Вообще это было не совсем правдой, отряд Чумновских у Петропавловки был разбит почти полностью, более того — в отличие от отряда Таисии Кабаневич, Чумновские дали спецназовцам оттеснить себя к воде, как следствие почти всех их людей постреляли с катеров бойцы узурпатора.
Но барону моя похвала пришлась по вкусу, его уродливая жабья жирная рожа расплылась в улыбке:
— Рад быть вам полезным, барон! Надеюсь, что мы с вами еще одержим множество побед!
— Не сомневаюсь, Ваше Благородие. Кстати, я больше не барон. Нагибины теперь — Великие Князья. Так-то.
— Ох, поздравляю, — Чумновский охнул так яростно, что меня обдало зловонием из его пасти.
Во рту у толстяка вроде копошились какие-то зубные глисты, а в волосах его брата Владимира Перийатовича вообще ползали тараканы. Я надеялся, что ни один из них не сбежит с головы барона — было бы неудобно напустить сельскому пастору в дом тараканов.
Покончив с Чумновскими, я протянул руку Чену.
— Ну здравствуй, лаовай, — поприветствовал меня китаец, он выглядел совершенно здоровым и был в новом безупречном черном костюме.
— Здравствуй, Чен. Ты отлично справился. Никто другой бы так не смог!
— Красивые слова оставь для русских магичек, лаовай. А мне ты обещал два миллиона рублей. Вот их я хочу получить. А не твои сладкие речи, слова — это ветер.
— Никаких проблем, Чен. Я всегда делаю то, что обещал.
Я тут же перевёл Чену деньги. Тот не поблагодарил, даже не изменился в лице. Только едва заметно кивнул и уселся за стол.
Последним я поприветствовал Пушкина, этот парень встал из-за стола, чтобы пожать мне руку, лениво и вальяжно, как будто он сам уже Император Франции, не меньше.
И прикид Пушкина вполне соответствовал его новой манере поведения — на потомке поэта был алый мундир, расшитый золотыми нитями, какие-то ужасные ботфорты, черные в белых пятнах, шелковые черные штаны и черная же сорочка. На шее у Пушкина болтался огромный золотой круглый кулон, видимо символизировавший его фамильный герб — пушечное ядро. На руке у Пушкина имелись часы, разумеется, золотые и швейцарские.
Я пожал пафосному АРИСТО руку:
— Вижу, ты нашёл, как потратить заработанные тобой два миллиона. И когда только успел?
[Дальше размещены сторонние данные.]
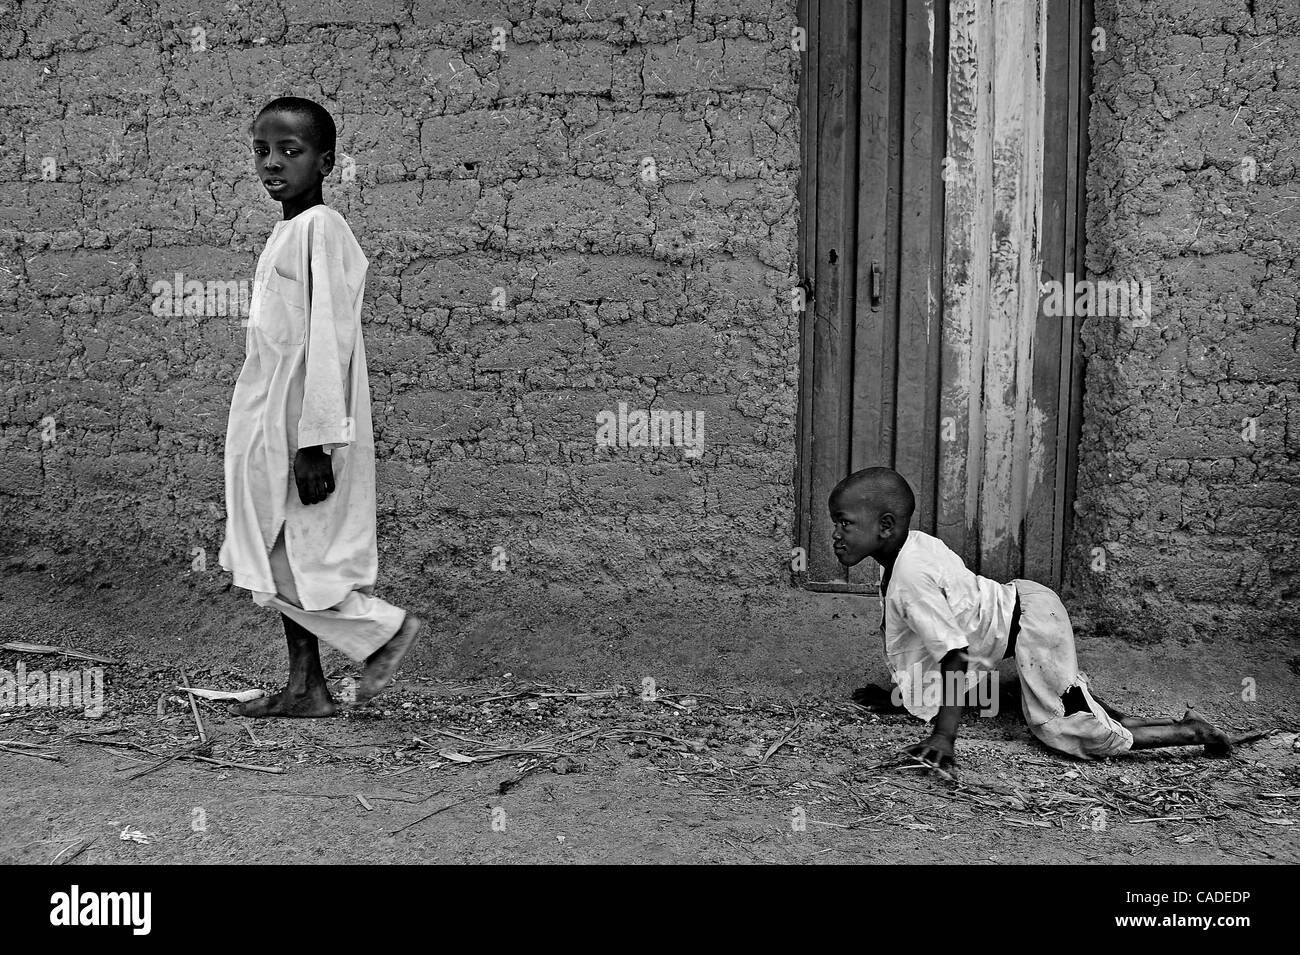 Sept. 20, 2010 - Rimin-Gado, KANO, NIGERIA - Polio victim Abubakar, 6, right, follows a boy in his neighborhood near Kano, Nigeria. Religious zealotry and misinformation have coerced villagers in the Muslim north of Nigeria into refusing polio vaccinations and led to the reemergence of polio only a  Stock Photo

— А то, — горделиво ответствовал Пушкин, — Я встал пораньше и сделал заказ в самом дорогом ателье Петербурга. Еще и доплатил за срочность. Ну и еще накинул одному Кабаневичу, который с красной бородой, чтобы он мне всё это сюда доставил. А знаешь сколько стоит мой шмот, Нагибин?
— Страшно подумать, — процедил я.
— Полляма рублей, — бросил мне Пушкин, как бы невзначай.
Потом он достал из кармана сигару и тут же закурил, щелкнув золотой зажигалкой.
— Ты ж вроде не курил, Пушкин…
Пушкин закашлялся от ароматного дыма, и только потом объяснился, снова разваливаясь на стуле:
— Мда, но это сигара за двадцать тысяч рублей, Нагибин. Из запасов самого Инки. Я купил её на американском аукционе…
— Понятно, — вздохнул я, — Своей нищей семье ты денег, конечно, не отправил…
— Я отправил, Нагибин! — оскорбился Пушкин, — Вот только мой отец их брать отказался! Он не хочет денег, Нагибин. Он хочет пилюль!
— Пилюль? А, ну да…
Я вдруг вспомнил, что батя Пушкина и правда был в списке людей, покупавших пилюли у моего отца. Мне вдруг стало интересно:
— Слушай, а что за пилюли нужны твоему бати?
— Я не помню, какого они цвета, — ответил Пушкин, — Но он всегда заказывал пилюли, которые дарят поэтическое вдохновение. Он просто хочет быть, как Александр Сергеевич, наш предок, понимаешь? Но стишки у него — полное говно и графомань, если честно. Что с пилюлями, что без них. Кстати, о том, что мой отец жрёт твои пилюли, Нагибин, я сам узнал только сегодня. Он это скрывал. Даже от мамы.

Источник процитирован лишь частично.